3 things I learned about A/B testing

Matthias Suter
doodle-tech
Published in
4 min readFeb 7, 2019

A/B testing became a crucial tool in our process and I want to take a moment to reflect on the things I learned along the way.

I take it as a given that A/B testing is an excellent way to test new features. Therefore this post is not about where A/B test makes sense and where not but I will focus on the three most important learnings I made during my journey to become data informed.

Size matters

It is important to put some thoughts on what exactly should be tested. While about 100k polls are created each day, we only get 50 subscriptions on average per day. Traffic to test with can get a sacred good, more so as we are running more and more tests and want to move even faster (did I hear lightspeed?).

Best is to have a crisp hypothesis and a variation which addresses exactly and only the things which should be tested. This sounds logical enough but can easily go wrong. One time we tested a completely overhauled pricing page just to find out that in general, it did not perform better than the old one. The main problem was, that this was also the only real outcome. We did not really gain more knowledge with this test (except that the new page did not perform better in our test). In another experiment, we only tested where the user expects a new feature instead of understanding what the feature should be. In retrospect, it was too costly to spend 2 weeks running this experiment, more so it did not give any real insight.

It is good practice to let tests run at least two weeks to avoid selection bias. This is true even statistical significance is reached before that time. If you let your tests run shorter than one cycle (which in our case is one week) you risk having data which is not representative due to insufficient sampling. Doodle’s traffic and user base, for example, differs on the weekend from weekdays. For that reason, we usually let run tests at least two weeks to cover our cycle twice. This helps to flatten “special” days and other anomalies.

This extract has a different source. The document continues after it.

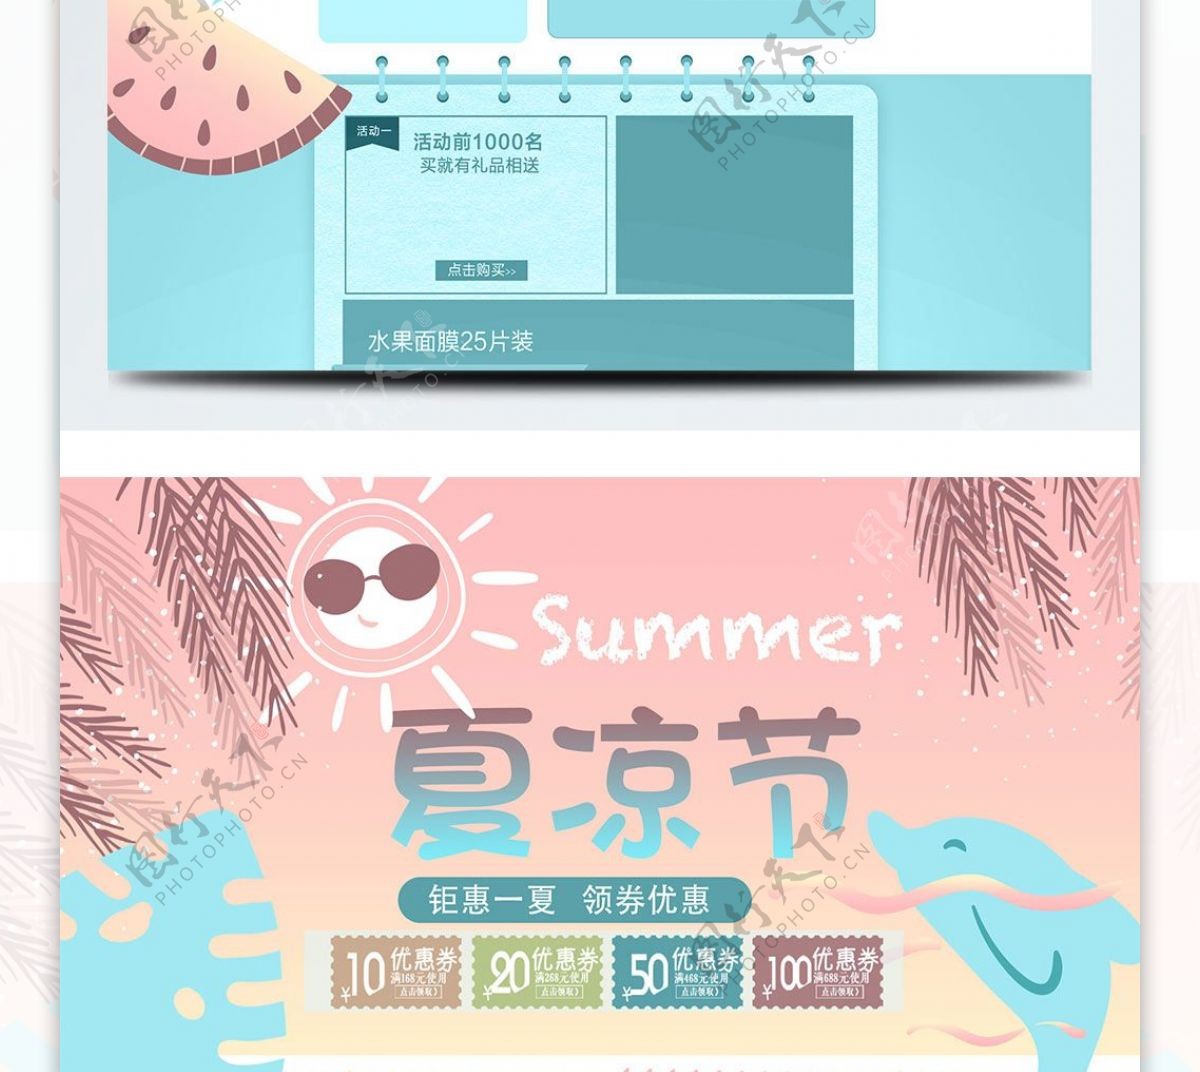 2018夏凉节促销天猫淘宝电商首页模板

Usually, we also do not run tests much longer than two weeks. Longer tests can become non-representative due to other changes like marketing campaigns and seasonal effects. Also, the change that a user deletes his cookie, access the page and sees another version gets higher. More importantly, if there is no winner after two weeks even there is enough traffic, most likely the change in the experiment just does not lead to different behavior. In these cases, it is better to go back to the drawing board and test either another hypothesis or the same hypothesis but with different variations.

Go for a win

A/B testing should not be a replacement for making a decision. This was my biggest realization and is in my opinion also a common misconception. It is true that A/B testing (or testing in general) is a great way to avoid lengthy and pointless discussions where people mostly just exchange opinions. I also believe that most of the time it is easier and more efficient “just to test” something instead of making big concepts based on a lot of untested assumptions.

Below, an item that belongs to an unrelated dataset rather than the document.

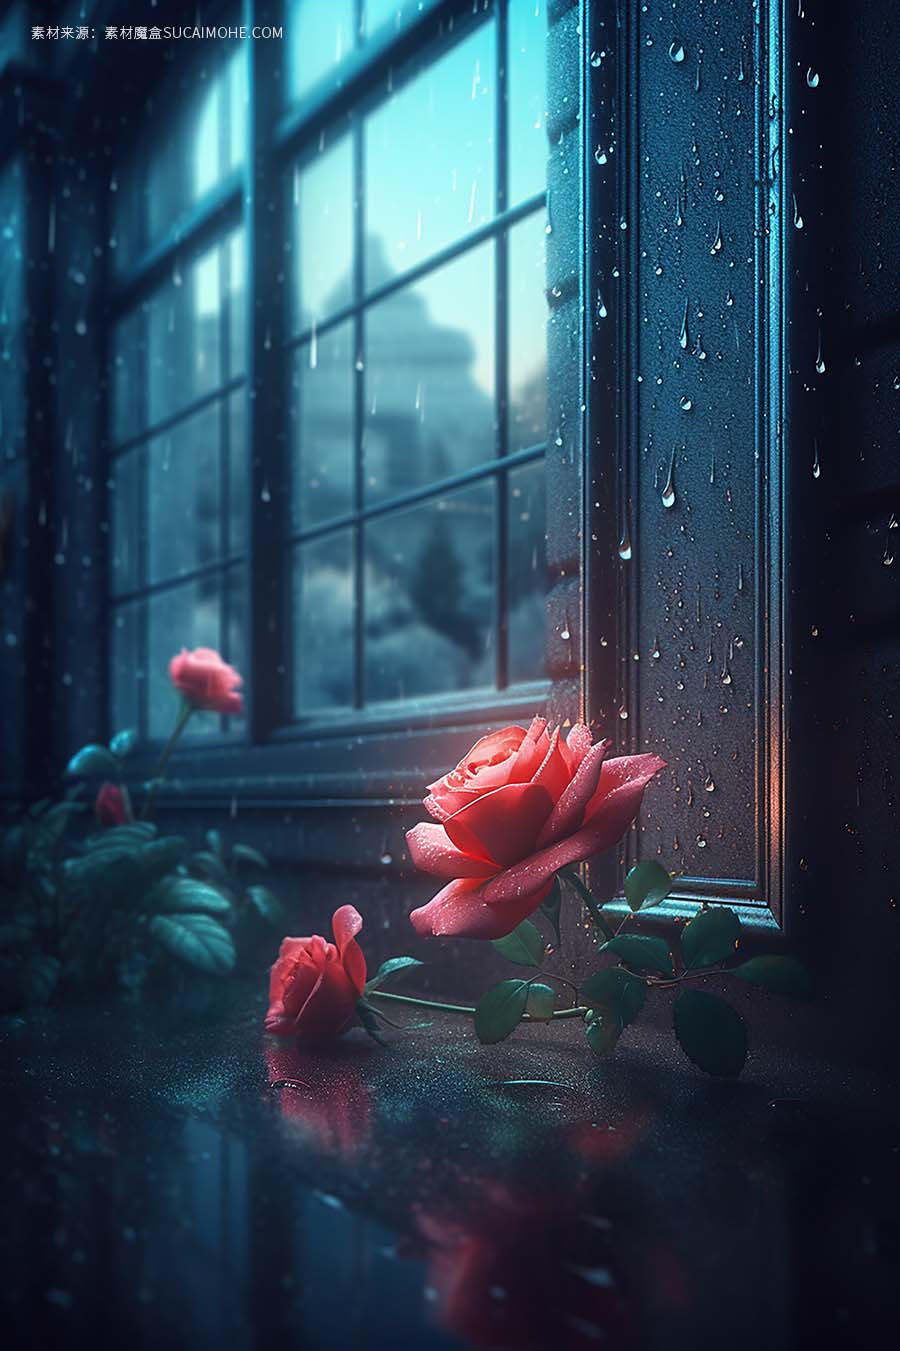 窗边的红玫瑰给房间带来了一丝浪漫的生成

But I do not think that A/B testing should be used to avoid decisions in the design process and just test all possible variations one can think of. I see it more of a way to design and implement one (possibly small) change which the teams believe in to either prove or disprove an assumption. In most cases, it is faster and less work to test a well-thought variation instead of implementing a bunch of different variations to see which one will win (I call this the no-Darwinism-theorem).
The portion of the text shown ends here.